Article

Colorectal Cancer Drug Improves Progression-Free Survival, But Not Overall Survival

Nintedanib extends progression-free survival in metastatic colorectal cancer, but failed to extend overall survival.

In a phase 3 trial, nintedanib improved progression-free survival in metastatic colorectal cancer patients, but did not improve overall survival.

The LUME-colon 1 study was the first phase 3 trial of nintedanib in patients suffering from metastatic colorectal cancer who are refractory to all available treatments, including chemotherapy and biological therapies.

Colorectal cancer is a frequent disease and a large proportion of patients have metastases,” said lead study author Eric Van Cutsem. “Many patients progress to several different lines of treatment and then stop responding. There is a need to find new therapies for this big group of patients.”

For the trial, researchers enrolled 768 patients randomized 1:1 to receive nintedanib or placebo, and all patients received best supportive care.

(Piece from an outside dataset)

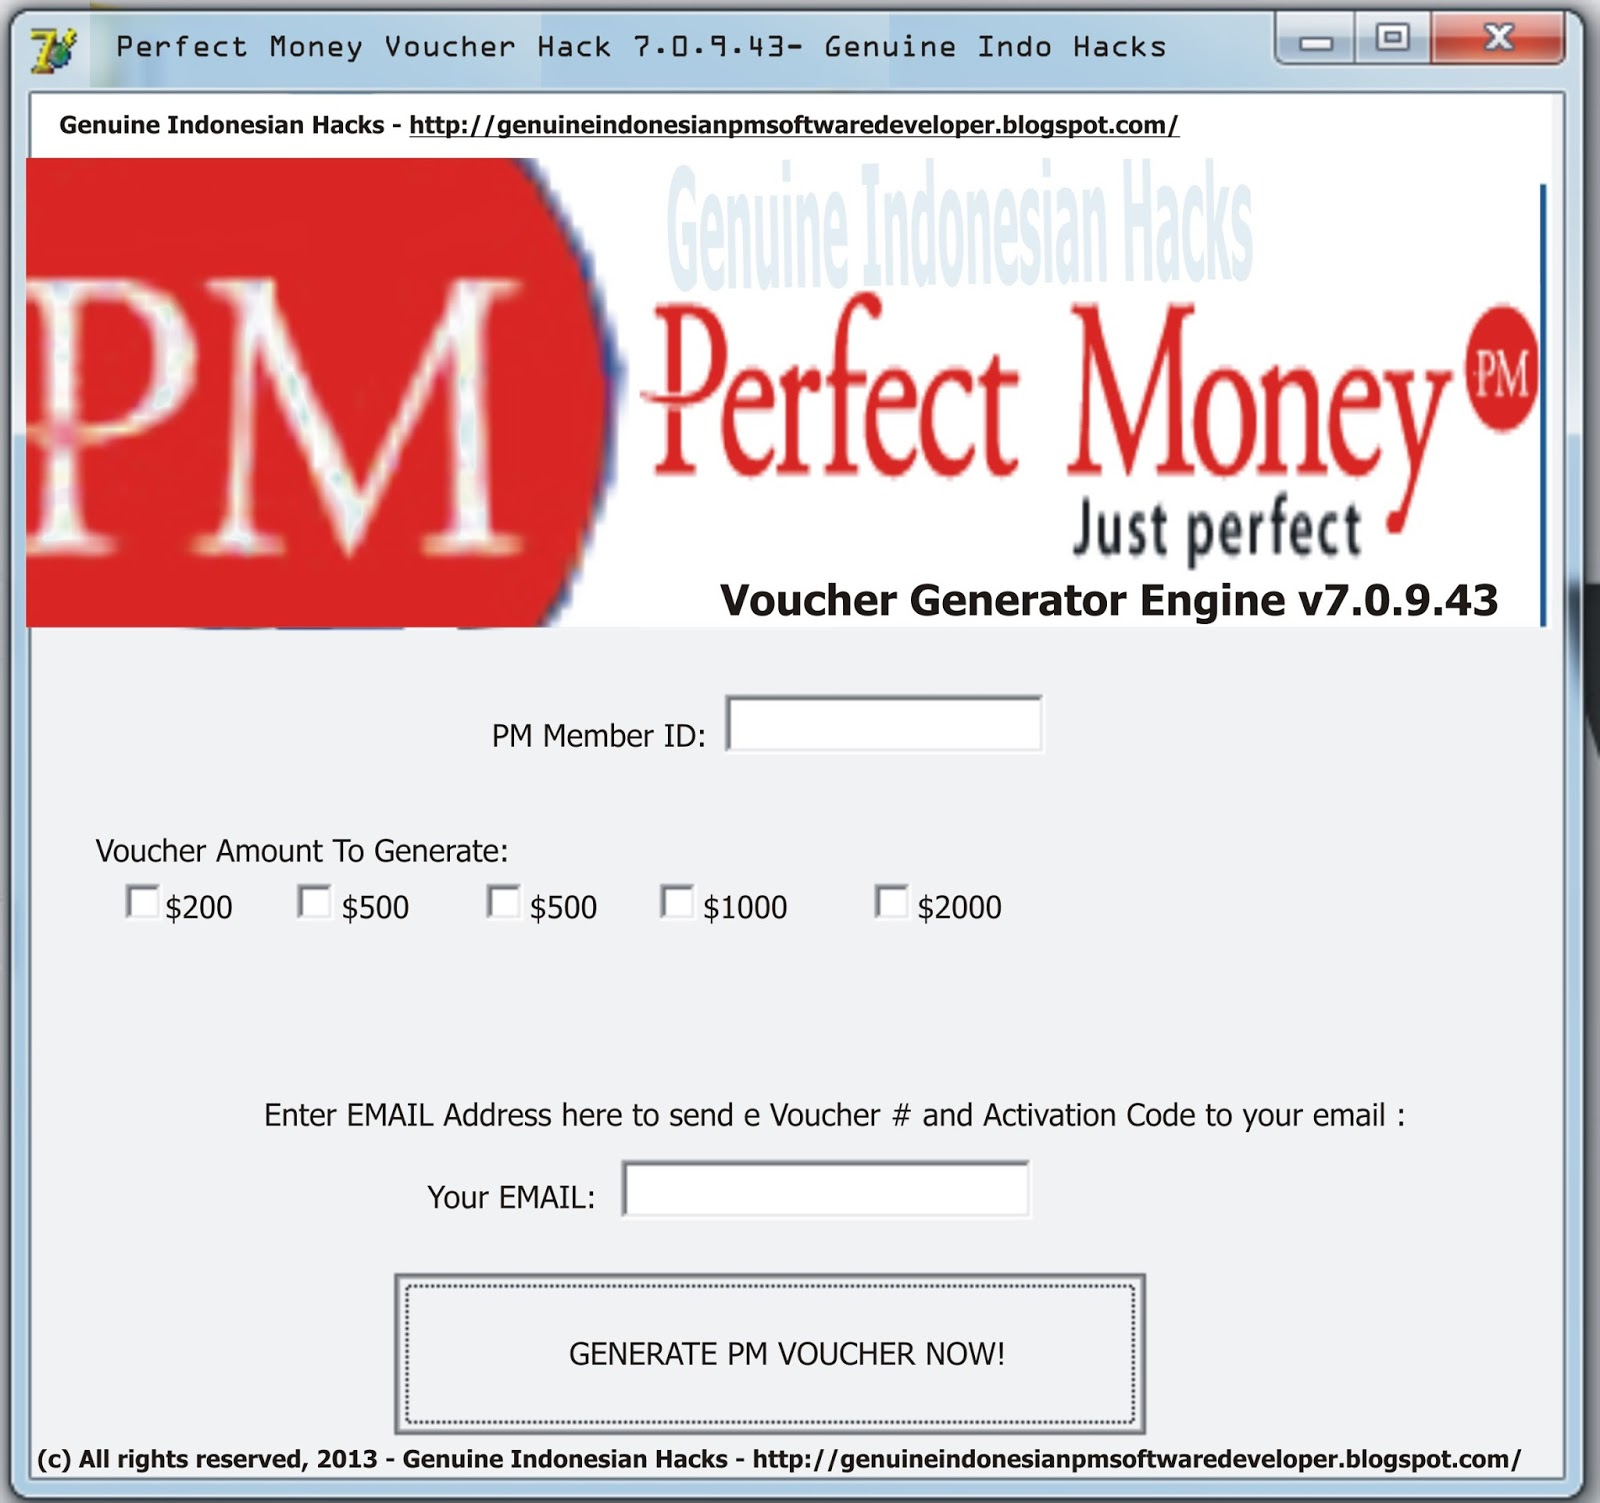 Perfect money voucher hack

To be eligible for the study, participants had to be in good general condition, defined as performance status 0 and 1, and have a good organ function.

The co-primary endpoints were progression-free survival and overall survival. The results of the study showed that nintedanib significantly improved median progression-free survival compared with placebo (1.5 versus 1.4 months, HR: 0.58, 95% CI 0.49-0.69, p<0.0001).

No difference in overall survival was seen between the 2 groups. Compared with placebo (11%), disease control was improved with nintedanib (26%).

Serious adverse events occurred in 39% of patients in the nintedanib arm, and 35% in the placebo arm. Fourteen percent of patients in the nintedanib group discontinued treatment due to adverse events, compared with 11% in the placebo group.

“Nintedanib was well tolerated and gave a significant increase in progression-free survival which means that tumors stopped growing more frequently inpatients taking the drug,” Van Cutsem said. “But patients receiving nintedanib did not live longer, which was disappointing.”

Although it remains unclear precisely why patients in the placebo arm survived longer than expected, researchers believe that treatments taken after the trial that stopped their tumor from growing may have contributed to the findings.

“After the trial finished, patients were followed until death and these subsequent treatments may have diluted the effect of nintedanib, leading to a loss in potential survival benefit,” Van Cutsem said.

He noted that more research is currently being done in molecular markers and subtypes of colorectal cancer to see who may benefit from nintedanib after all other therapies have failed.

“Having another of those large trials in this specific setting clearly indicates the unmet need,” said researcher Dirk Arnold. “Nintedanib shows good tolerability but the efficacy results are somehow disappointing. Nintedanib delays disease progression and increases the rate of stable disease but these gains are lost when it comes to overall survival. This is in contrast to regorafenib and trifluridine/tipiracil which both showed increases in both progression-free survival and overall survival in this line of treatment.”

Arnold believes this disparity may be because more patients who progressed in the LUME-colon 1 trial received salvage treatments than in the earlier trials.

“The relatively long overall survival also of patient with placebo in the current trial supports this hypothesis,” Arnold said. “Also by contrast to the other trials, quite a lot of patients already underwent treatment for this late-line situation before. Another possibility could be that nintedanib simply doesn’t work well enough, since both regorafenib and trifluridine/tipiracil also had somewhat larger effects on progression-free survival.”

The authors noted that more research needs to be done to explain the findings and understand how strong the benefit of nintedanib actually is.